Opening the last part on the ‘somatics of genre’, Mark Griffith (231–70) takes less travelled paths and a welcome turn to Korybantic-type musical rituals. He analyses Aristotle’s take on the functions of music, dwelling specially on emotional arousal, typical of Korybantic-type performances. He then highlights the formal, social and functional (affective) features that, he argues, make Korybantic rituals a distinct genre within Greek song culture. Mario Telò (271–97) suggestively searches for ‘hint[s] of iambic texture’ (290) in iambic texts and some reception instances, highlighting the rough, spiky, frigid features of bodies, objects and places mentioned in iambos. He holds the psychosomatic effects roused in the audience by such iambic imagery and language to be intrinsic features of the iambic genre. Seth Estrin (298–324) analyses a sixth-century BC elegiac inscription on an Ambracian cenotaph, arguing that a disjunctive tension is realized in the metrical structure: the hexameter makes us visualize the dead, whereas the pentameter takes us back to the reality of death, absence. Such a disjunctive structure, he maintains, is a generic feature of funerary elegy; it is extended to the materiality of the Ambracian inscription and of the monument, and consequently to the bodily and cognitive experience they impose on readers. Finally, by looking at the Homeric Hymn to Apollo and Pindar’s Paean 6, Sarah Olsen (325–46) argues that evoking sensory memories of choral performances is a generic feature of choral song. Such evocation allows choral texts to retain their generic distinctiveness across multiple modes and contexts of reperformance.

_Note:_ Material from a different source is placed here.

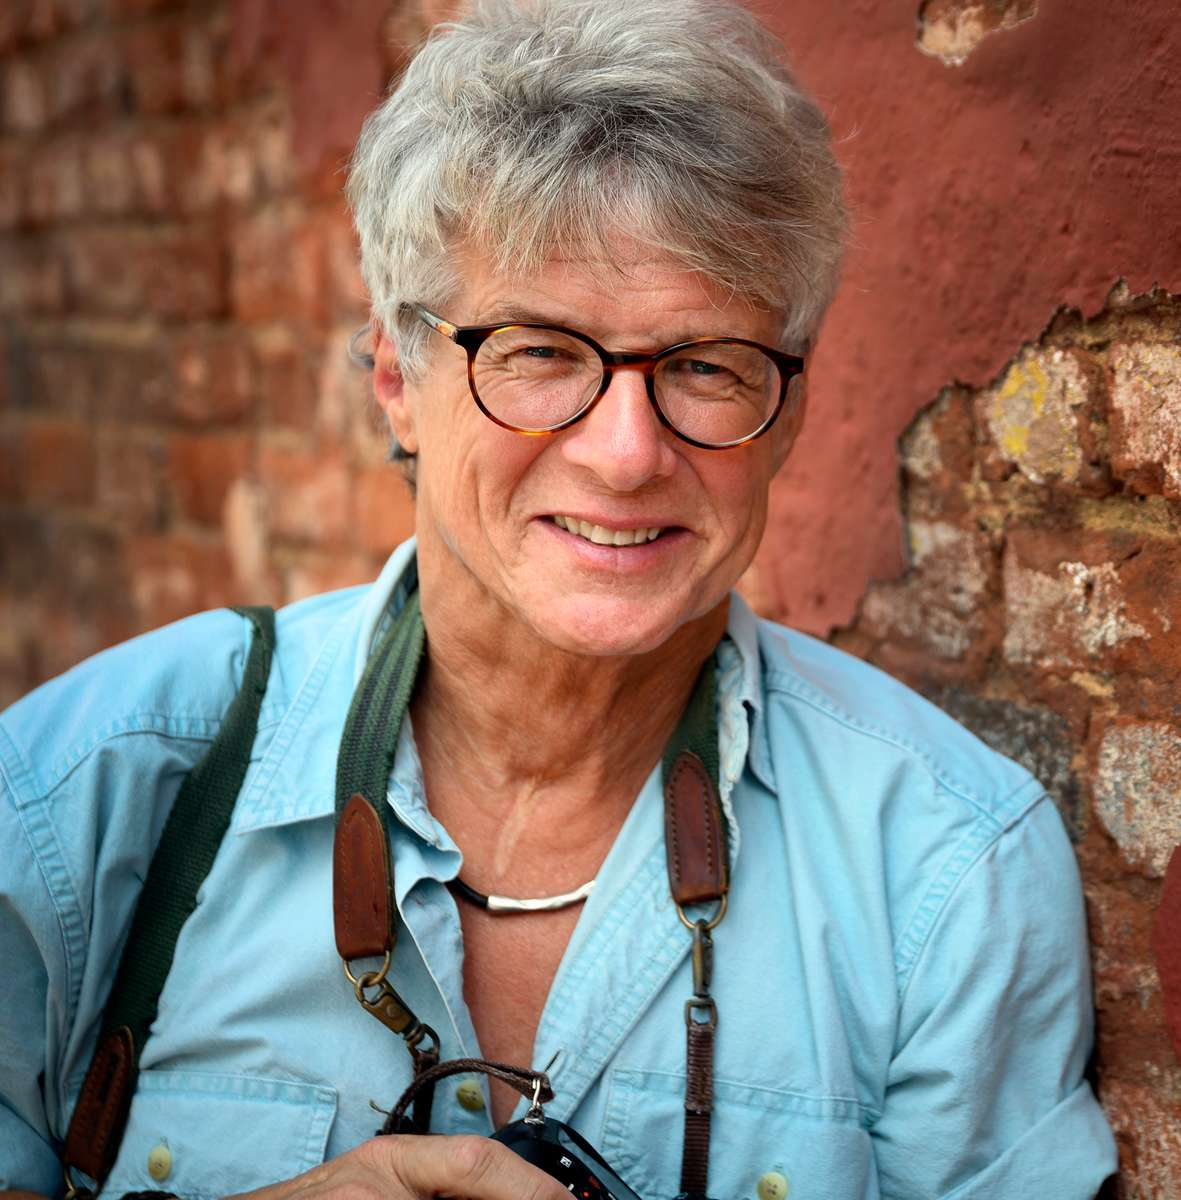 Robin Rayne, Atlanta photojournalist for ZUMA Press
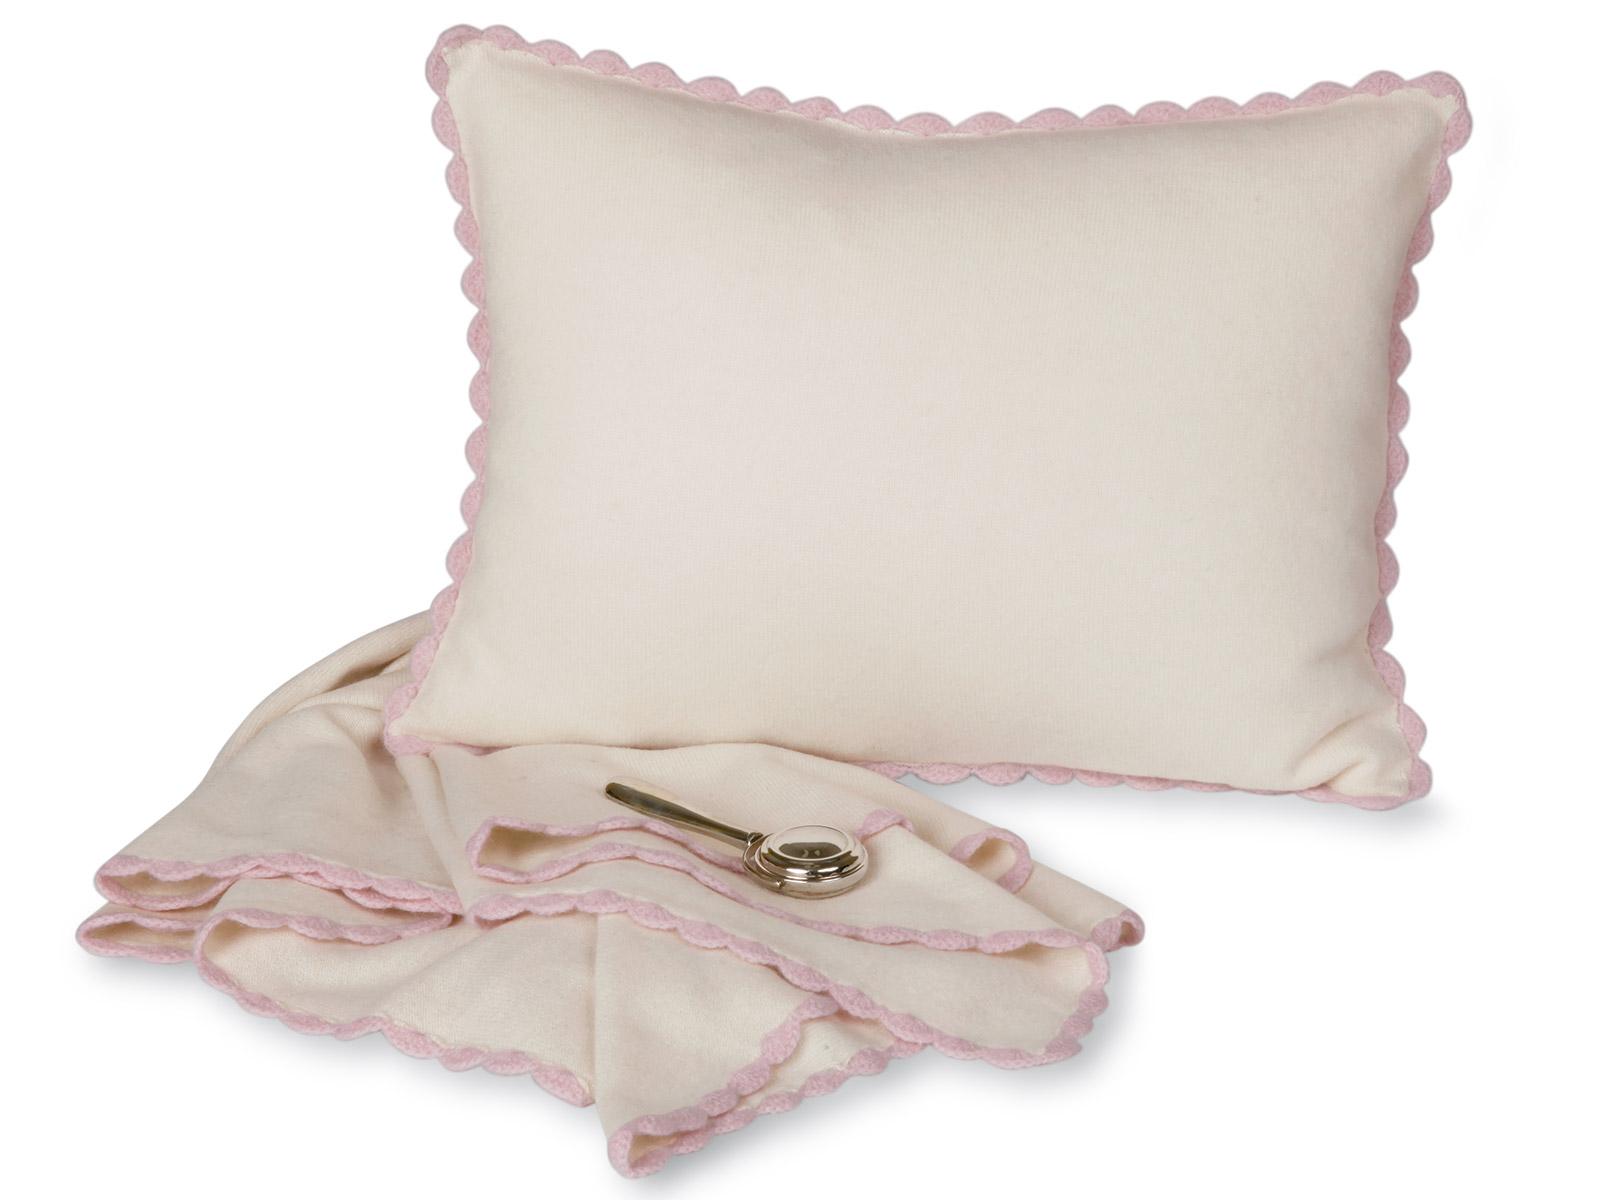 31a4a641e0 Baby s Cashmere - Luxury Bedding - Italian Bed Linens - Schweitzer Linen

The contributors engage with the matters of lyric genres on a wide spectrum, considering occasionality and rituality, intertextual and intergeneric relationships, ancient interpretations, and sensory and cognitive effects in viewers and receivers. They offer fresh takes on both canonical authors and sources less frequently discussed. On the whole, this volume succeeds in showing how different conceptualizations of genre can complement each other and open new ways to think about Greek lyric. Undoubtedly, each chapter will summon an array of questions in readers, thus, hopefully, prompting further research in new, or now renewed, directions.